Do some testing with Cinebench R20.








						MAXON Cinebench (R20.0) Download
					

CINEBENCH is a real-world cross platform test suite that evaluates your computer's performance capabilities. CINEBENCH is based on MAXON's award-winn




					www.techpowerup.com
				




Most users get better results by reducing the cache to -125 mV and then increasing the core up towards -200 mV. These two voltages do not have to be set equal to each other. Ignore all of the YouTube guides that say these voltages must be set equally. They are wrong. 

When testing, start with both voltages set to -125 mV and run a baseline test. Increase only the core in steps of -25 mV. Watch to see if your scores or temperatures improve. Also do some TS Bench testing. Try doing an 8 thread test to partially load the CPU. When adjusting voltages, most laptops lose stability when lightly loaded so testing when partially loaded is just as important as full load Cinebench testing. The TS Bench also has a random MHz option. This will rapidly vary the CPU speed from max to 800 MHz while the CPU is loaded. This is another good way to make sure your CPU is stable at any speed after you have adjusted the voltage.

Your temps are completely normal for a laptop with a 9750H. I would rate the cooling system to be much better than average. If you want lower temperatures, drop the power limit to 65W instead of 70W and maybe set the short term limit to 80W. You can also lower the turbo ratio limits a little. Nothing is free. Slowing your CPU down or reducing the power limits will reduce performance. You might not notice any significant difference but your temps should be better. 

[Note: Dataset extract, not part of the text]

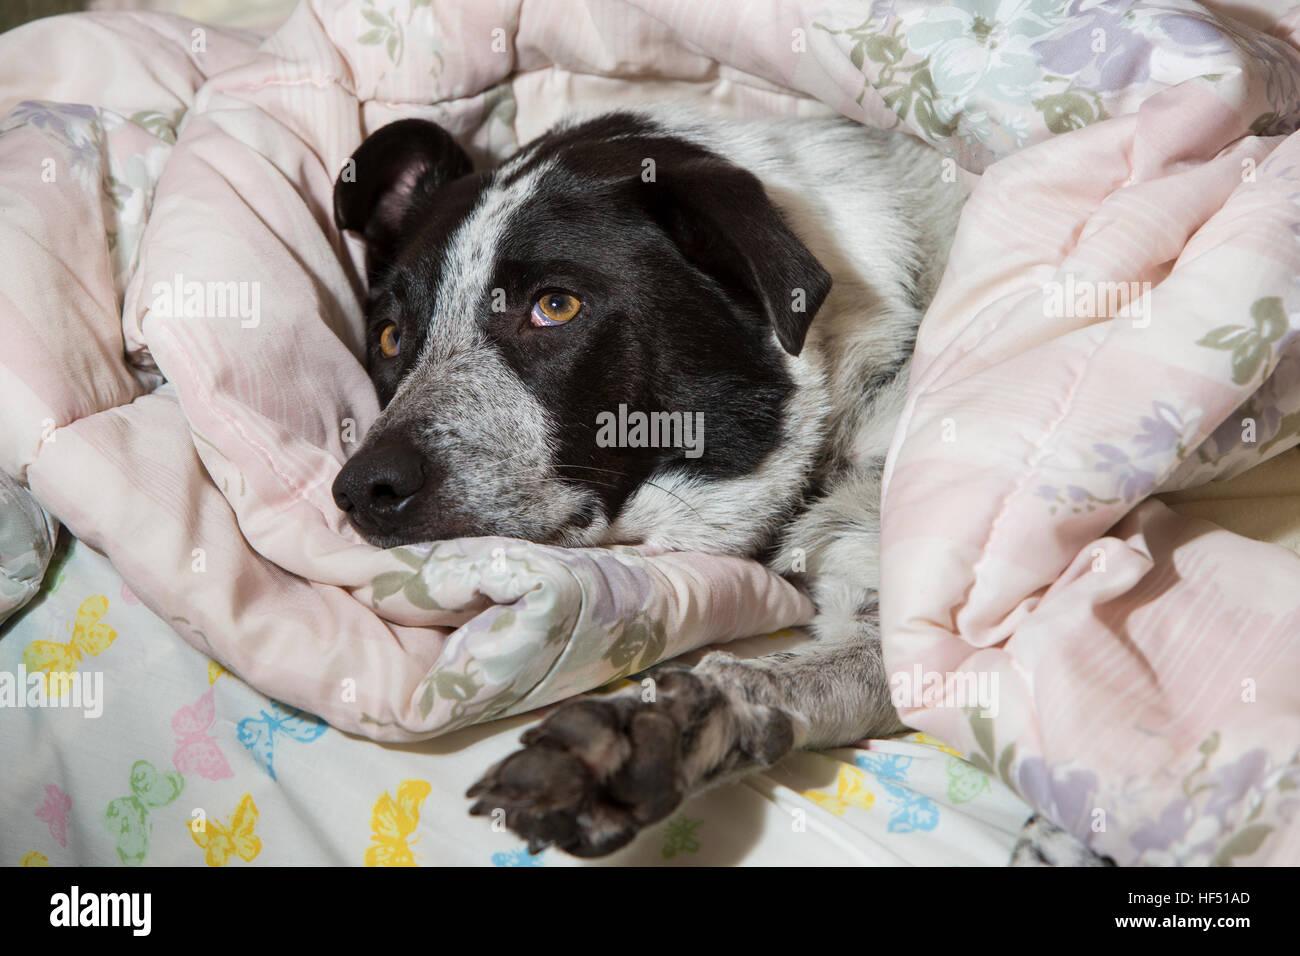 Jasper the Australian Blue Heeler dog sleeping under duvet-Victoria, British Columbia, Canada. - Stock Image

Intel rates the 9750H to be able to run reliably up to 100°C. Lenovo has already reduced the thermal throttling temperature (PROCHOT) to 94°C so there is no reason to worry about your CPU temperature. It will take care of itself and will never reach the Intel specified throttling temperature. Have a look in the Options window. If PROCHOT Offset is not locked, I would reduce this from 6 to 2 or 3. This allows the CPU to run a little hotter before thermal throttling starts. A PROCHOT (processor hot) temperature 97°C or 98°C is still within the Intel recommended limit.


----------



## xtym (Feb 3, 2021)

Hi i have tweaked the setting around like you mentioned i lowered the cpu core by -25 mv as listed and kept the cache at -125 so far no crashes to speak of but i have run into other problems as listed in the pictures if you need any more info i will get asap, I also have used cinebench to test my under vault and the test was completed but with some error shown in limit reasons i will include a score as well. in the tpl section i have not messed with that Lenovo chose those numbers as default. Sorry i am not so familiar with throttle stop just need to get my laptop under control during gaming and streaming on twitch would you recommend i make another profile when im just watching videos- reddit- web browsing ?.


----------



## unclewebb (Feb 3, 2021)

xtym said:


> but i have run into other problems


What problems? It looks like your laptop is running great. Limit Reasons just shows that your CPU reached the 70W turbo power limit. If you want less power limit throttling, you can raise this power limit in the TPL window. 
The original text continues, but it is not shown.